Surface Pro’s OLED choice and Laptop 8’s battery claims split the story
The reported feature mix is not uniform. The Surface Pro is said to get the flashier display: 120 Hz OLED. It also reportedly includes two USB-C ports with USB 4 support. That reads like Microsoft trying to make the tablet-hybrid feel more premium at the hardware level.
The Surface Laptop 8, by contrast, is said by Notebookcheck to rely on LCD panels in both 13.8-inch and 15-inch sizes. Its stronger claim may be endurance: up to 20 hours from a 54 Wh battery on the smaller model and 19 hours from a 66 Wh battery on the larger one.
That split creates a clean launch question. Is Microsoft selling display quality on the Pro and battery life on the Laptop? If so, the Surface family may be less about one shared value proposition and more about distinct premium arguments for each form factor.
The configuration uncertainty also limits how far investors, buyers, and reviewers should read into the prices today. Regional taxes, exchange-rate effects, and procurement discounts can make euro leaks poor guides for final market-by-market pricing. The source does not provide U.S. pricing, bundle details, or business SKU terms.
The next decision point is Microsoft’s SKU sheet, not the launch video
The immediate watch item is not whether the devices exist. Notebookcheck says the next-generation Surface Laptop 8 and Surface Pro had already appeared in numerous images at the beginning of June, and the launch is expected on June 16, 2026. The more important question is what Microsoft attaches to the leaked numbers.
Three pieces of evidence would support the premium thesis:
- Configurations: The €1,699 and €2,299 prices map to high-memory or higher-storage models, not bare entry SKUs.
- Battery claims: Independent testing gets close to the reported 20-hour and 19-hour figures under realistic use.
- Surface Pro bundle clarity: Microsoft makes clear whether the keyboard case and pen-related accessories are included or separate.
The thesis weakens if the prices apply to modest configurations, if the Laptop 8’s LCD panels feel mismatched with the premium tier, or if the base Snapdragon X2 Plus model with 256 GB SSD lands too close to the headline pricing.
For buyers, the practical move is simple: wait for the full configuration table on June 16. The leaked prices are high enough to matter, but not precise enough to judge.
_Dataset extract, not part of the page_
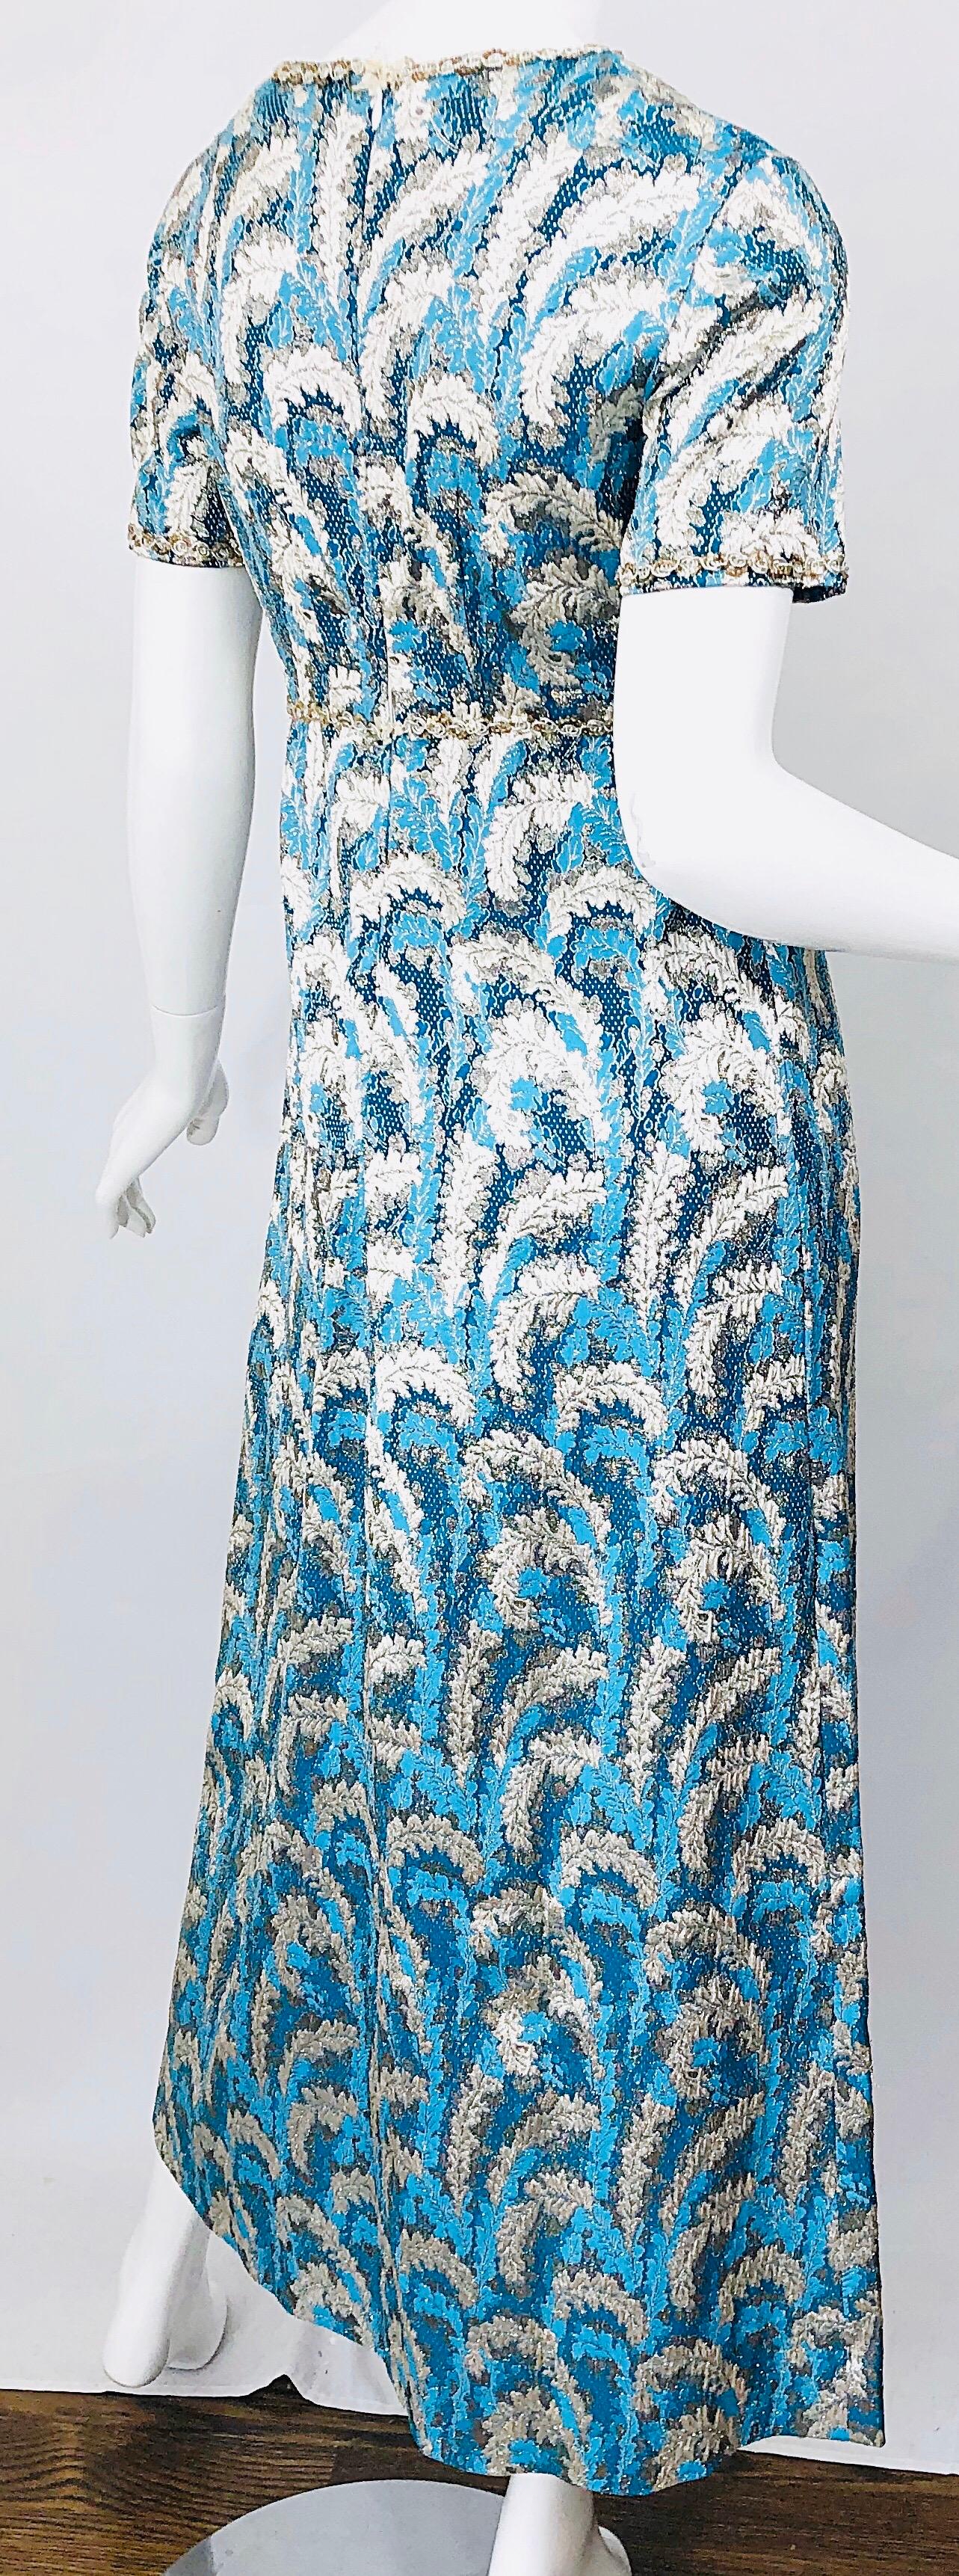 1960s Oscar de la Renta Turquoise Blue Silver Silk Brocade Sequin 60s Gown Dress For Sale 2

Microsoft’s next Surface launch will be decided less by the word “Snapdragon” and more by the exact combination of chip, RAM, storage, display, battery life, and accessories sitting next to each price.
The Bottom Line
- The leak suggests Microsoft may push Surface pricing higher as it moves deeper into Windows on Arm.
- Buyers still lack key context because the leaked prices are not tied to confirmed configurations.
- The June 16 launch will need to justify premium pricing with performance, battery life, and AI features.